No campo produtivo, o cenário mostra uma mudança importante no perfil do setor. A produção de açúcar se mantém praticamente estagnada nos últimos anos três anos em 43 milhões de toneladas, enquanto o etanol avança de forma significativa, com crescimento de 33% em cinco anos. O volume saltou de cerca de 31,3 bilhões de litros na safra 2022/23 para 41,6 bilhões de litros projetados em 2026/27. Um dos principais vetores desse crescimento é o etanol de milho, que já responde por mais de 12 bilhões de litros e tem compensado a estabilidade da produção a partir da cana-de-açúcar.

Além do mercado interno, novas frentes de demanda começam a ganhar força.
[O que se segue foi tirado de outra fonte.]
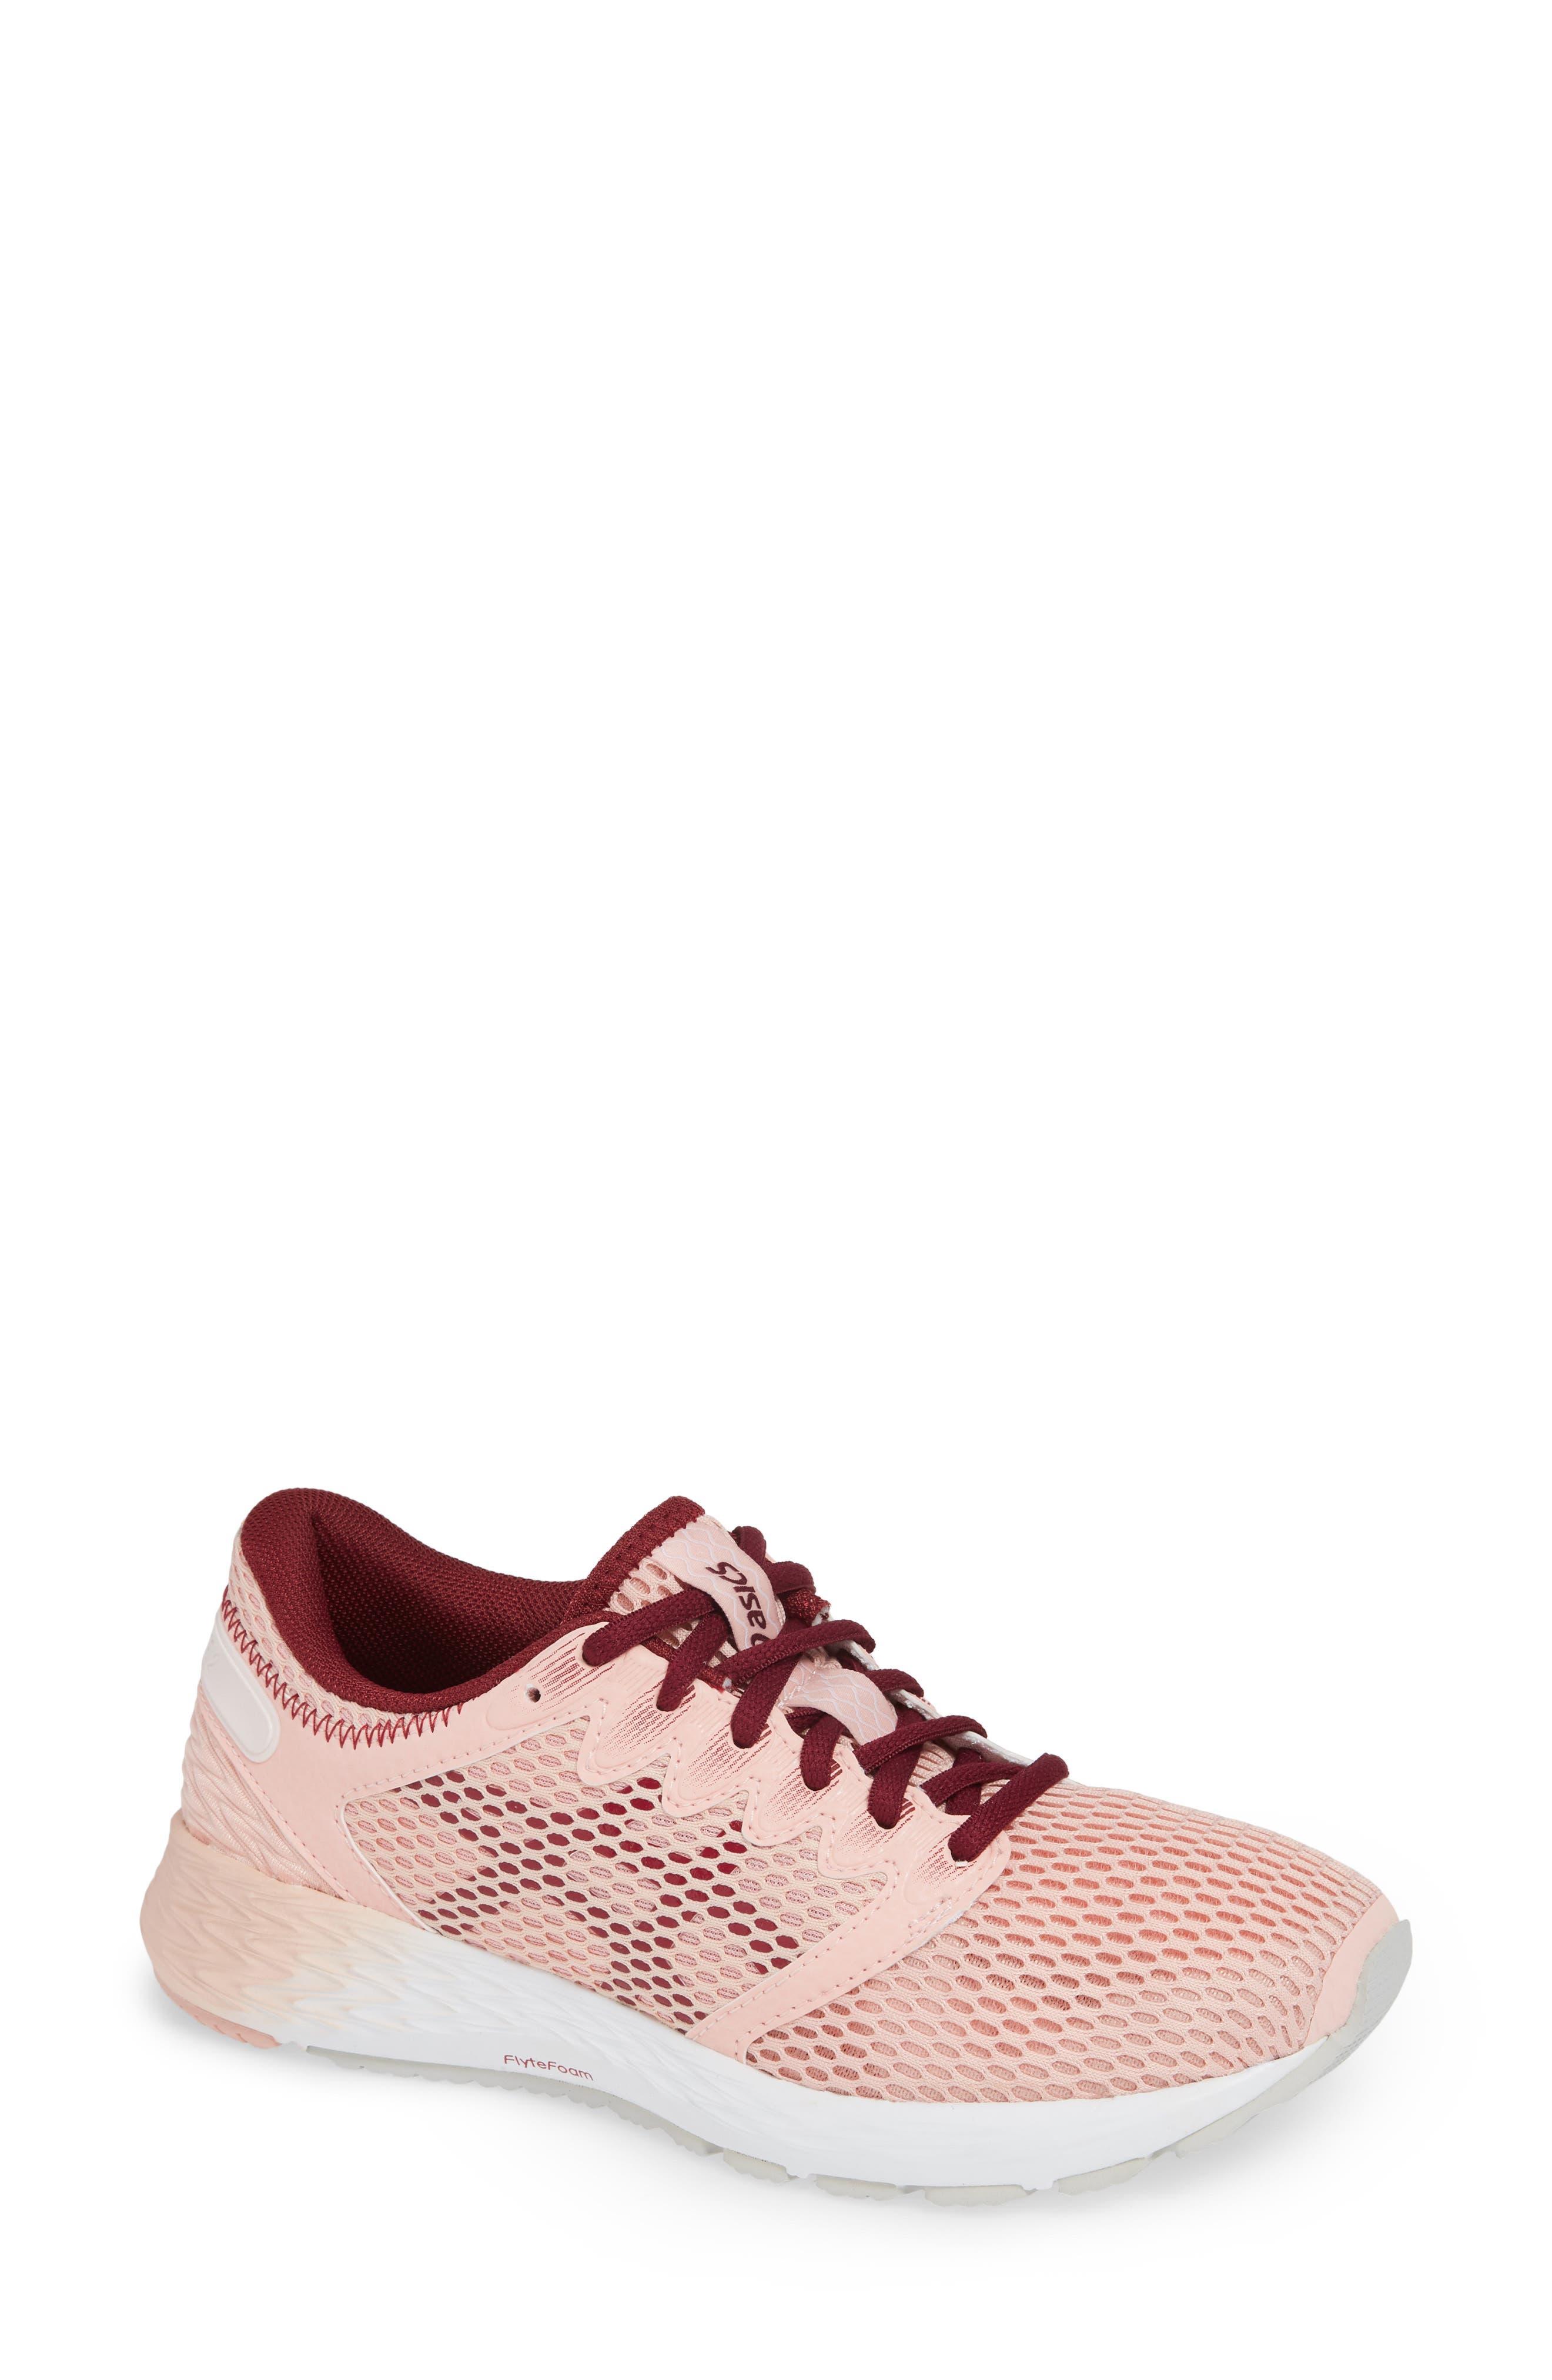 Asics Roadhawk Ff 2 Running Shoe, Pink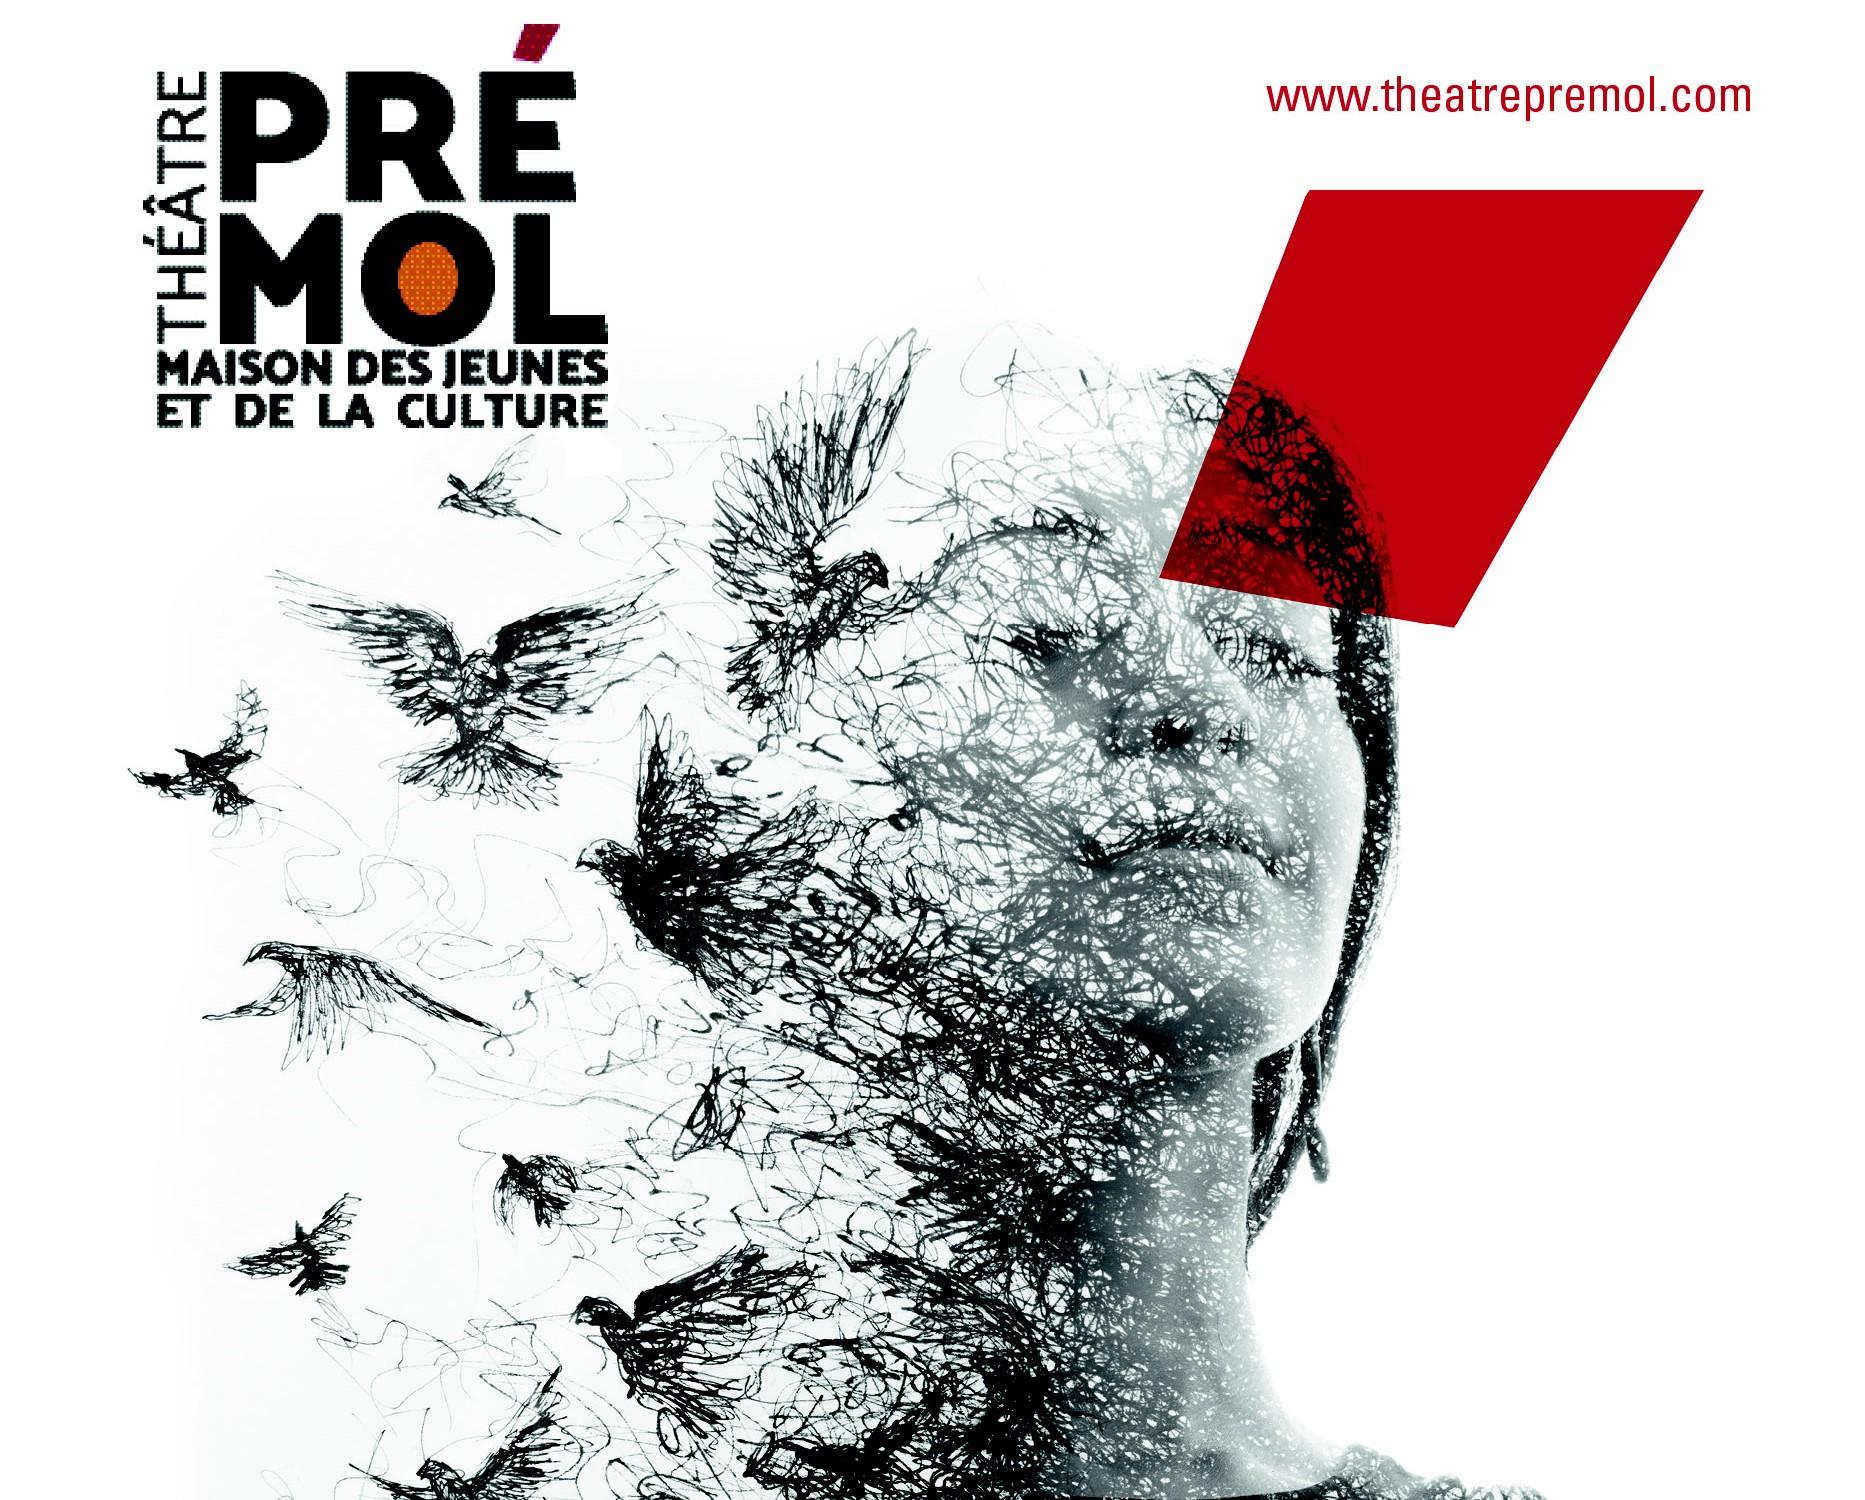 La Nuit du Théâtre Prémol – Théâtre Prémol réouverture

Nastari destaca oportunidades relacionadas à ampliação do uso de etanol em outros países, aumento das misturas na gasolina em nível global e investimentos em infraestrutura logística, fundamentais para escoar a produção.

Na visão de Gustavo Mariano, vice-presidente de trading da Inpasa, maior produtora de etanol de grãos da América Latina, três pilares sustentam a expansão do setor no curto e médio prazo. O primeiro é o aumento da mistura obrigatória de etanol anidro na gasolina. A elevação de 27% para 30% já representa um avanço relevante, mas há espaço para novos incrementos. Caso a mistura chegue a 32%, o impacto seria de cerca de 954 milhões de litros adicionais de demanda ainda este ano. Em um cenário de 35%, esse volume pode ultrapassar 2,3 bilhões de litros.

O segundo pilar é a expansão da distribuição, especialmente em regiões com menor penetração do biocombustível. No Nordeste, por exemplo, o consumo de anidro se situou em 1,65 bilhão de litros in 2025, "mas um aumento da participação do etanol para 30% poderia gerar uma demanda adicional de 3,75 bilhões de litros" diz Mariano.

Já o terceiro vetor é o mercado marítimo, que começa a despontar como uma nova fronteira. "Mesmo antes da regulamentação do mercado, já há encomendas de navios com capacidade para utilizar etanol como combustível, e as projeções indicam que esse segmento pode gerar uma demanda adicional de até 32 bilhões de litros até 2040", revela do executivo da Inpasa.

Apesar das perspectivas positivas, o setor ainda enfrenta desafios importantes. Um deles é a falta de informação do consumidor. Segundo Mariano, cerca de 60% dos proprietários de veículos flex não sabem que podem utilizar etanol de forma vantajosa, o que limita o consumo do hidratado. Outro ponto crítico é a logística: levar o combustível das regiões produtoras até os grandes centros consumidores ainda exige investimentos em infraestrutura e distribuição.

Por outro lado, políticas como o RenovaBio e iniciativas ligadas ao mercado de carbono, especialmente no contexto do etanol de milho e do carbono no solo, surgem como oportunidades adicionais para fortalecer a competitividade do biocombustível brasileiro.